[GOAL OF THE EXERCISE]:
Would you please repeat exactly the entries below, starting at the line with "Free Tote Bag Sewing Patterns" and ending at the line with "2014 Audi A3 e-tron plug-in hybrid", and nothing outside that range? Leave out the pictures.

[ENTRIES SUPPLIED]:
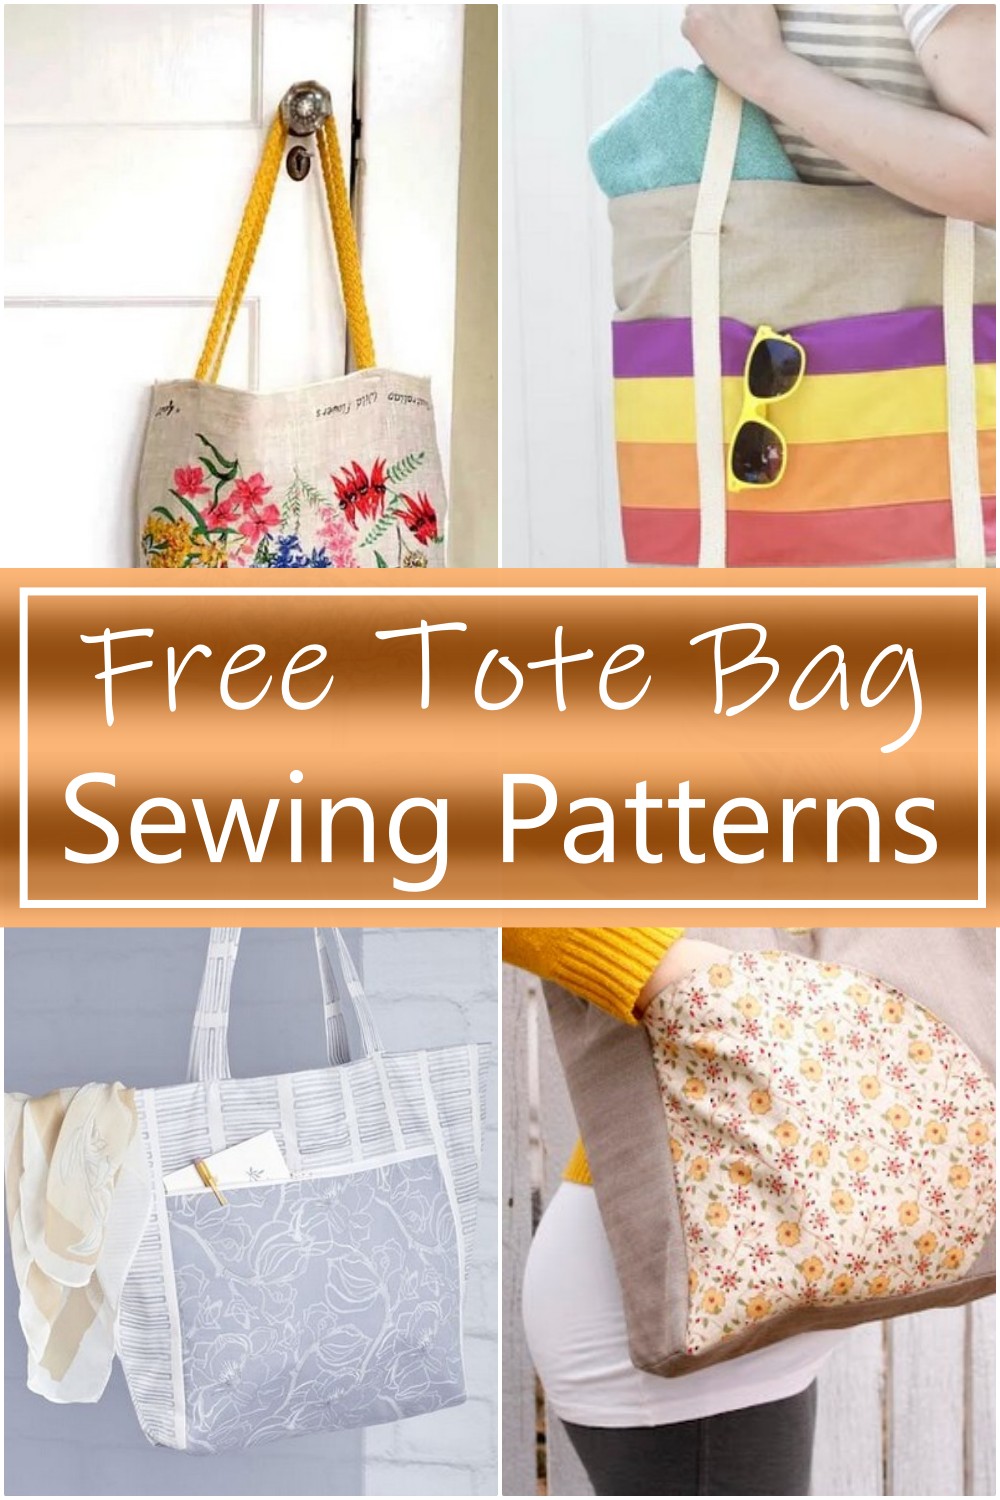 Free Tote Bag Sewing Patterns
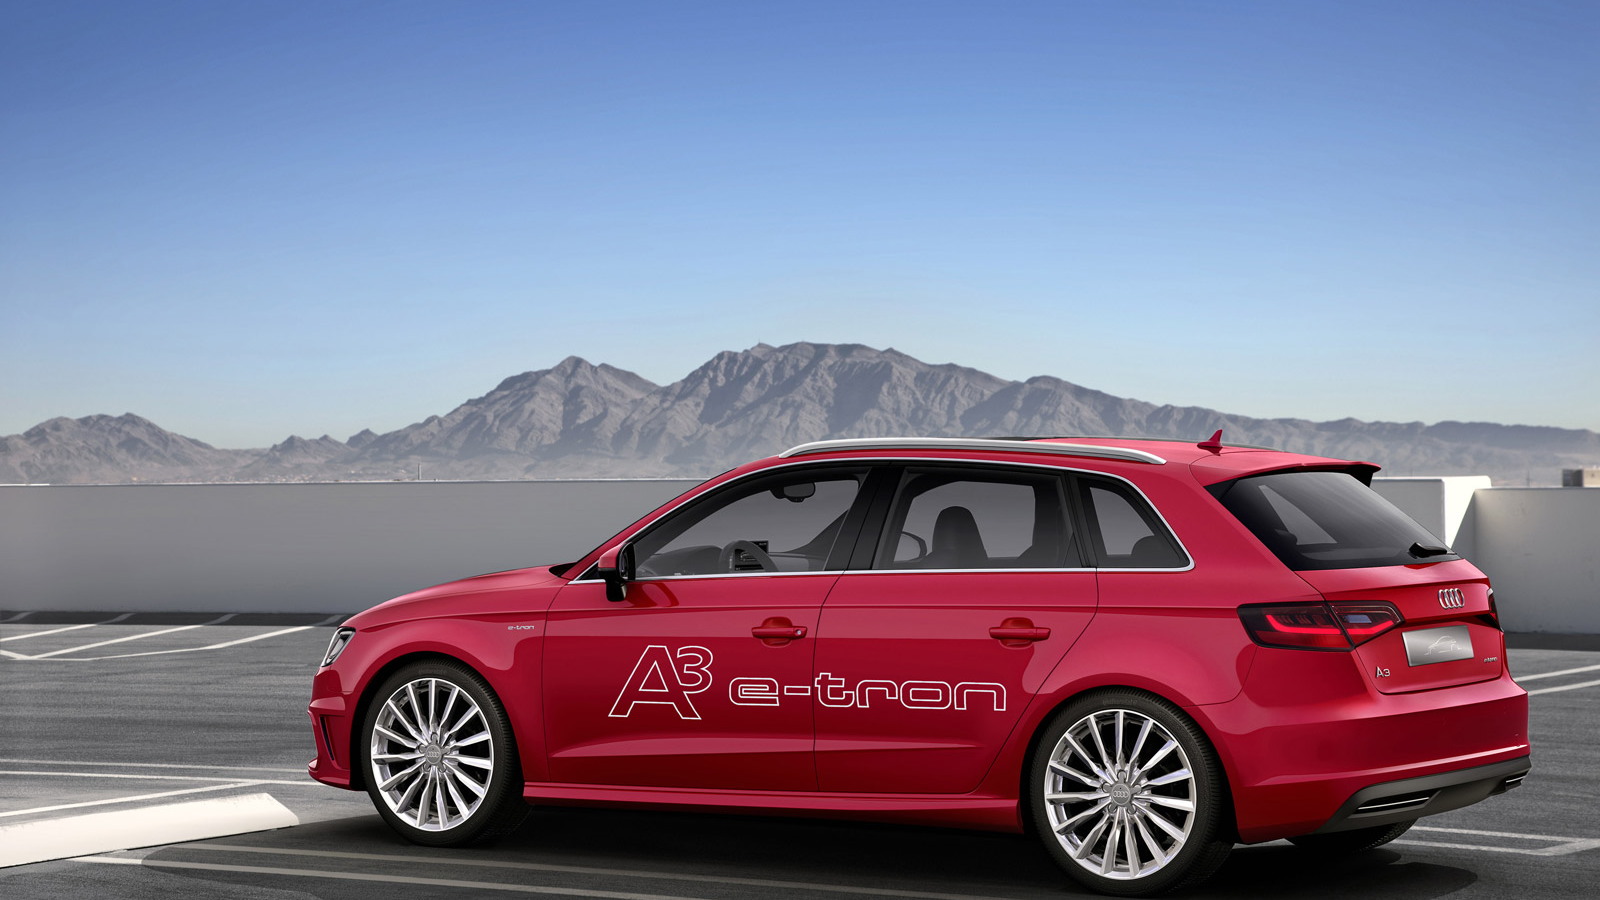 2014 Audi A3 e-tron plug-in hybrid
--
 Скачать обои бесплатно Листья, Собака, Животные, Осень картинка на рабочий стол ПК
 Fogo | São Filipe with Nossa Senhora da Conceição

[WRITTEN SOLUTION]:
 Free Tote Bag Sewing Patterns
 2014 Audi A3 e-tron plug-in hybrid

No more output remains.